Open Bw-Tree Benchmark 분석
Open Bw Treed Benchmark 코드 흐름 따라가면서 파악하기.
- basic_test.cpp
- Operations
- Performance Evaluation
- Building a Bw-Tree Takes More Than Just Buzz Words
- 참고자료
basic_test.cpp
간단한 insert/delete/read op.을 실행하여 correctness 확인
Operations
Insert
bool Insert(const KeyType &key, const ValueType &value);
키가 이미 존재하면 false 리턴, CAS 실패시 성공할때까지 반복(while(1))
현재 epoch에 추가
EpochNode *epoch_node_p = epoch_manager.JoinEpoch();
key를 통해 Context 생성
Context context{key} class Context { const KeyType search_key = key; NodeSnapshot current_snapshot; NodeSnapshot parent_snapshot; }
Traverse를 통해 키가 존재하는지 확인. 없으면 마지막 snapshot을 가져옴.
const KeyValuePair *item_p = Traverse(&context, &value, &index_pair); NodeSnapshot *snapshot_p = GetLatestNodeSnapshot(&context);
CAS 실행에 필요한 변수들 생성
const BaseNode *node_p = snapshot_p->node_p; NodeID node_id = snapshot_p->node_id; const LeafInsertNode *insert_node_p = \ LeafInlineAllocateOfType(LeafInsertNode, node_p, key, value, node_p, index_pair);
CAS 실행
bool ret = InstallNodeToReplace(node_id, insert_node_p, node_p);
성공할시 epoch 에서 나감
epoch_manager.LeaveEpoch(epoch_node_p);
Delete
bool Delete(const KeyType &key, const ValueType &value);
key-value pair가 존재하지 않으면 false 리턴
Insert와 매우 유사한 구조를 지님.
현재 epoch에 추가
EpochNode *epoch_node_p = epoch_manager.JoinEpoch();
key를 통해 Context 생성
Context context{key} class Context { const KeyType search_key = key; NodeSnapshot current_snapshot; NodeSnapshot parent_snapshot; }
Traverse를 통해 키가 존재하는지 확인. 없으면 false 리턴하고 종료.

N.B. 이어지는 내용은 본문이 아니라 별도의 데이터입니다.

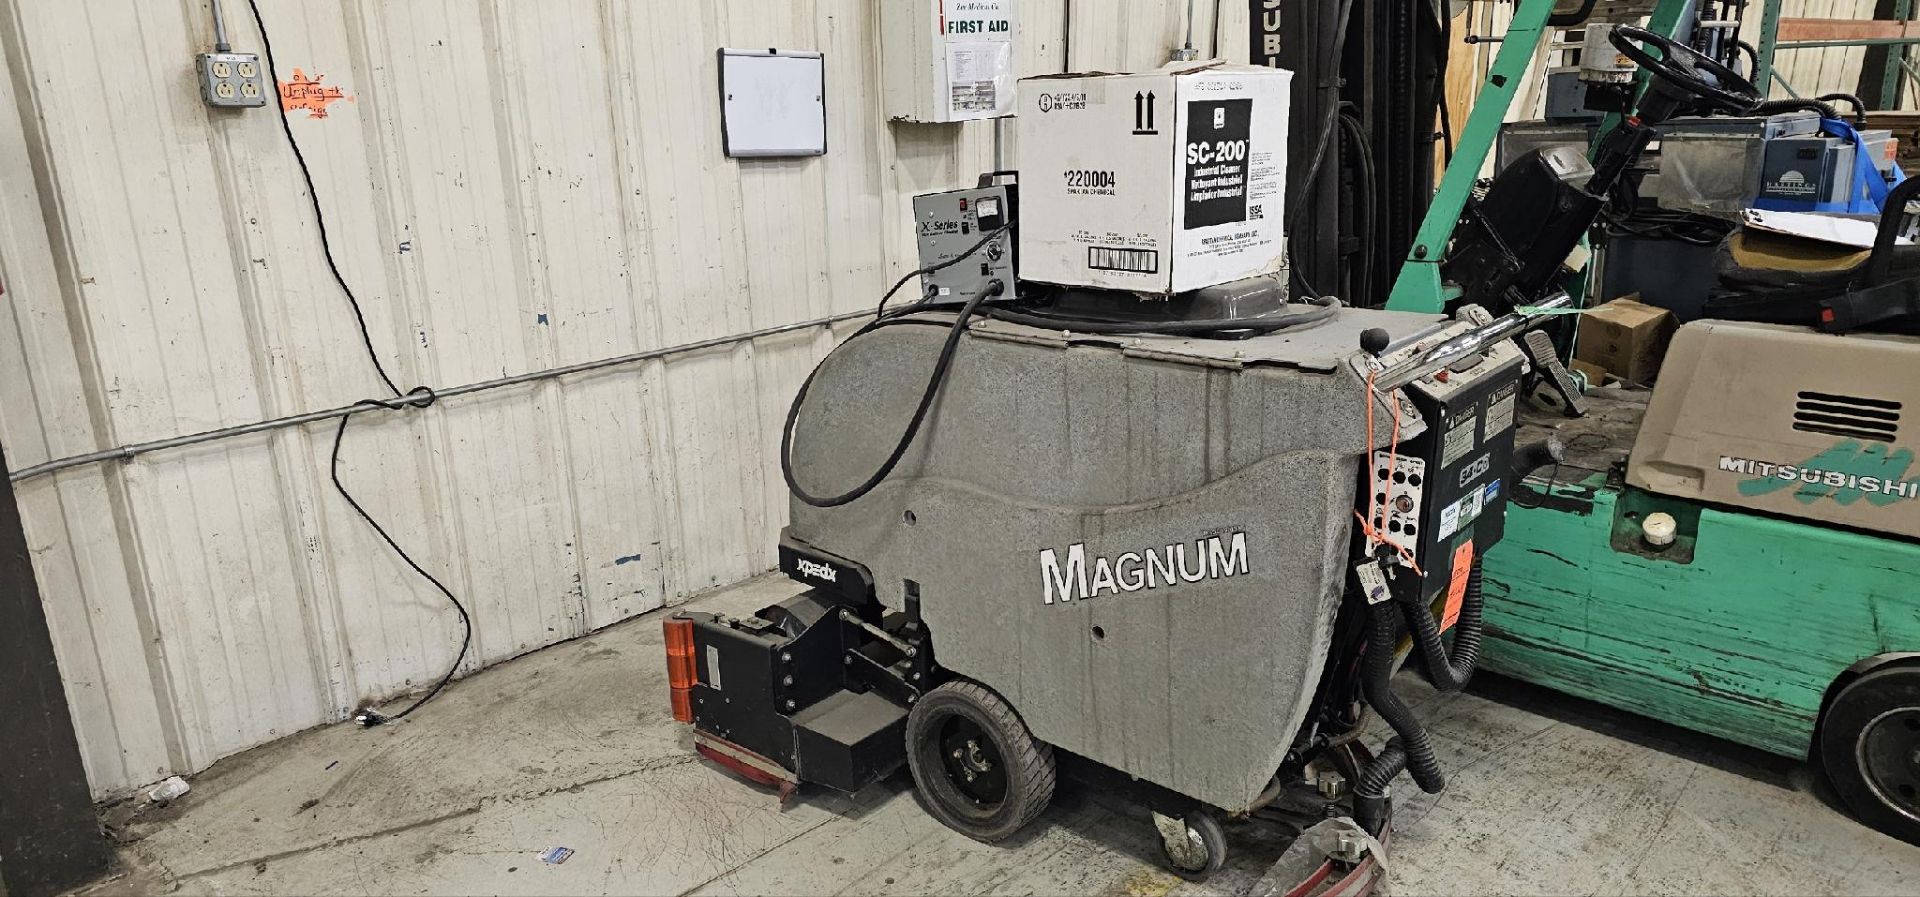 Factory Cat Magnum 34C Floor Scrubber - Image 3 of 4

const KeyValuePair *item_p = Traverse(&context, &value, &index_pair); NodeSnapshot *snapshot_p = GetLatestNodeSnapshot(&context);
CAS 실행에 필요한 변수들 생성
const BaseNode *node_p = snapshot_p->node_p; NodeID node_id = snapshot_p->node_id; const LeafDeleteNode *insert_node_p = \ LeafInlineAllocateOfType(LeafDeleteNode, node_p, key, value, node_p, index_pair);
CAS 실행
bool ret = InstallNodeToReplace(node_id, delete_node_p, node_p);
성공할시 epoch 에서 나감
epoch_manager.LeaveEpoch(epoch_node_p);
GetValue
두가지 함수 원형 존재
void GetValue(const KeyType &search_key, std::vector<ValueType> &value_list);
ValueSet GetValue(const KeyType &search_key)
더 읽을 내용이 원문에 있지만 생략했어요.